El ambiente en la estación de Sants era de gran confusión y crispación. Aunque las pantallas y la megafonía seguían anunciando las próximas salidas, las puertas de acceso a los andenes estuvieron cerradas durante un tiempo, impidiendo la entrada de los usuarios. Esta situación generó la acumulación de decenas de personas a la espera, con mensajes contradictorios sobre el estado de un servicio que funcionaba de manera inestable.
“"Pido fiabilidad, si el tren funciona, perfecto, si no, que pongan medidas alternativas, si no, no podemos tomar decisiones."
Los testimonios de los usuarios reflejan la gravedad de la situación.

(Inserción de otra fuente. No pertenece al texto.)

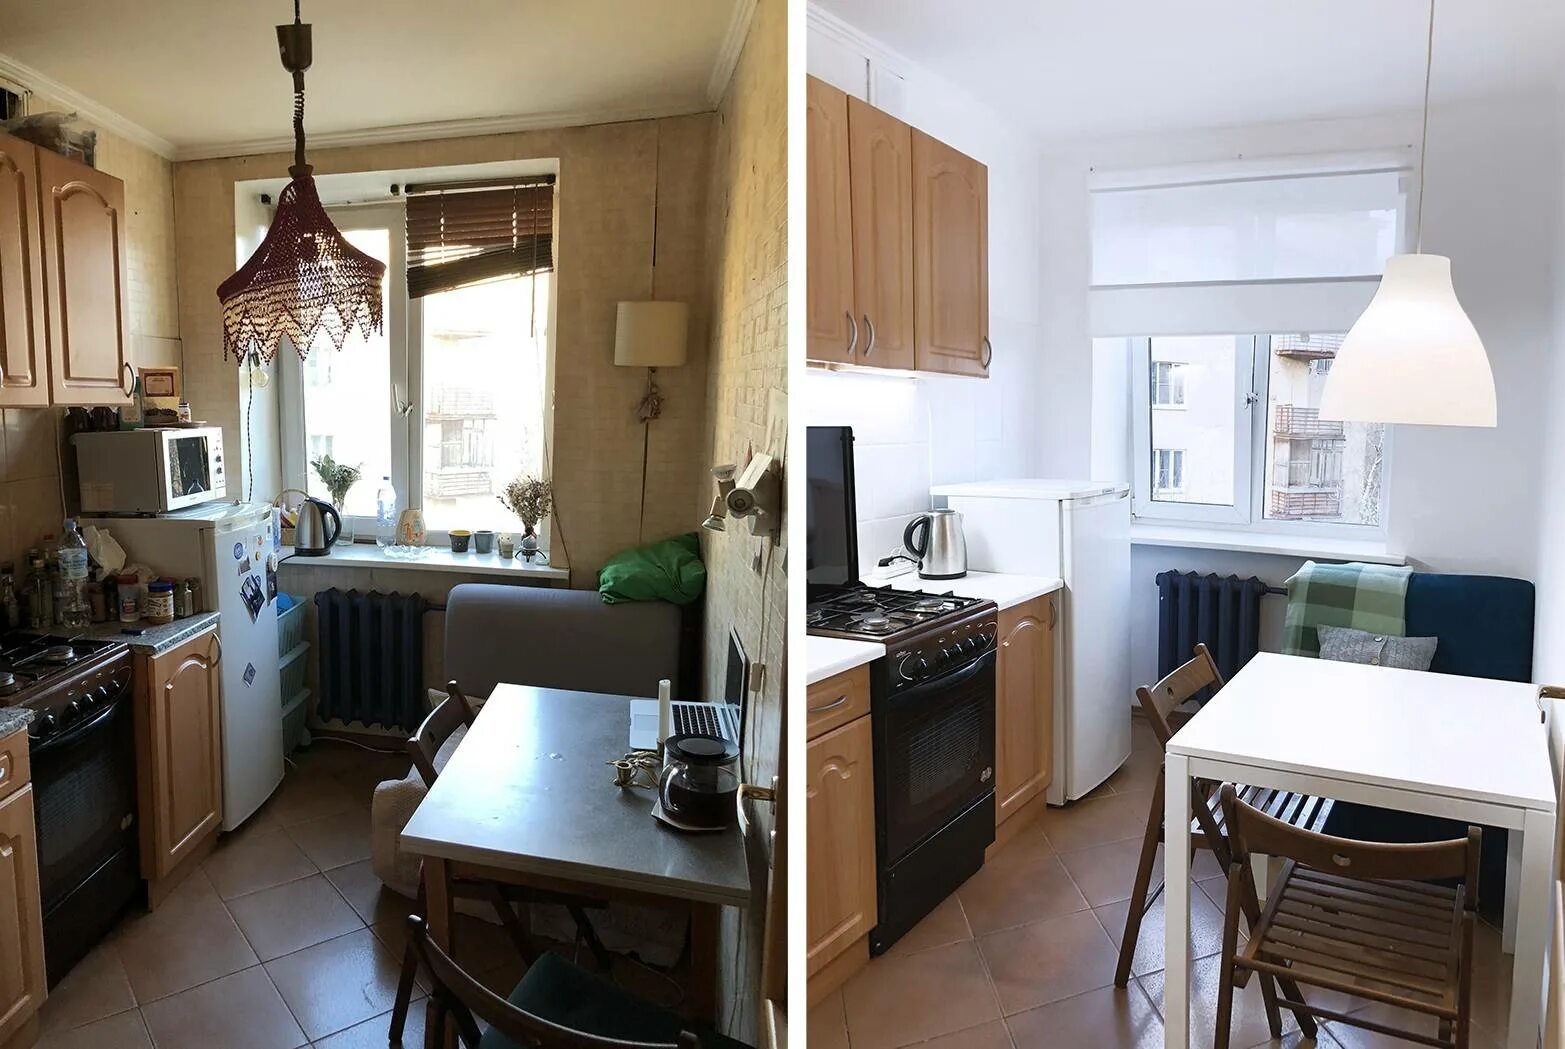 Хоум стейджинг в хрущевке. Хоум стейджинг квартиры до и после. Кухня в старой квартире. Переделка старой квартиры. Кухни хрущевки после ремонта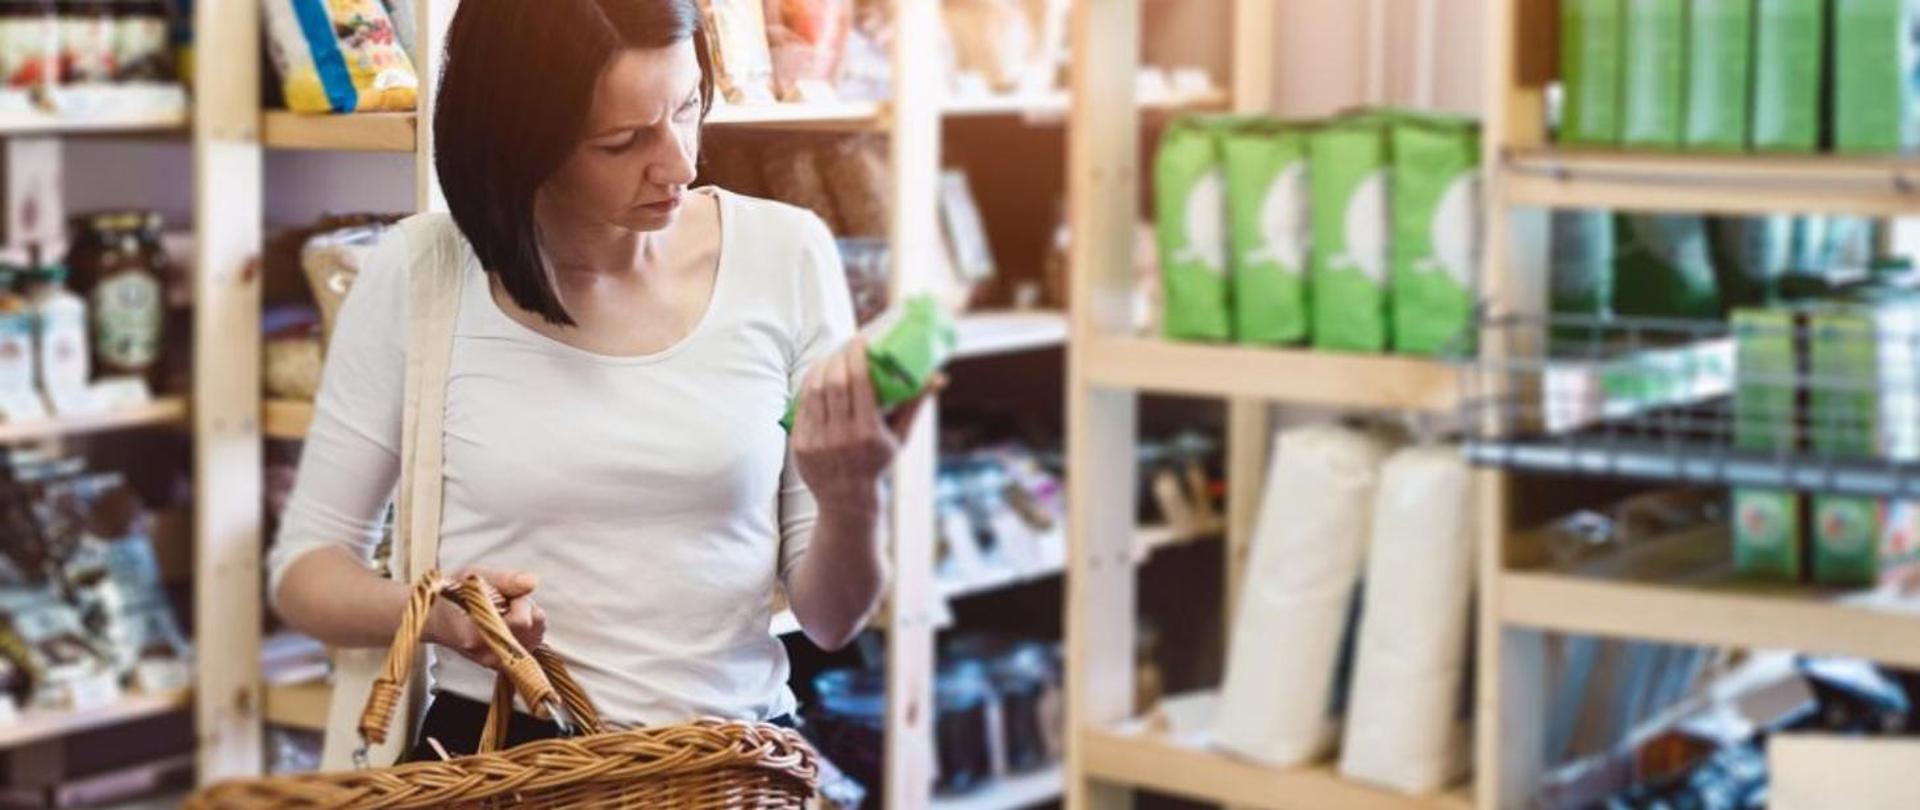 Kobieta robiąca zakupy w sklepie, trzymający wiklinowy koszyk i czytająca skład na produkcie.

Una pasajera, La Mar, que esperaba el tren con destino a Reus, tuvo que esperar casi media hora más de lo previsto. Otra usuaria, Laura Bataller, relató a TV3 que su tren, salido de Tarragona, estuvo paralizado en Sitges durante horas. Incluso la alta velocidad se vio afectada: La Carolina, que debía tomar el AVE de Girona a Barcelona, llegó con una hora de retraso.
“"No entiendo muy bien qué está pasando. Solo espero llegar puntual a la cita que tengo en el consulado."
La confusión se agravó por la cronología de las averías. Después de que el servicio se recuperara parcialmente a las 7.05 horas, el portavoz de Renfe, Antonio Carmona, anunció la resolución de la incidencia técnica en el centro de control de Adif. Sin embargo, solo 10 minutos después, Renfe informó que la incidencia se había reproducido, suspendiendo la circulación de trenes hasta las 7.44 horas, momento en el que se reanudó definitivamente.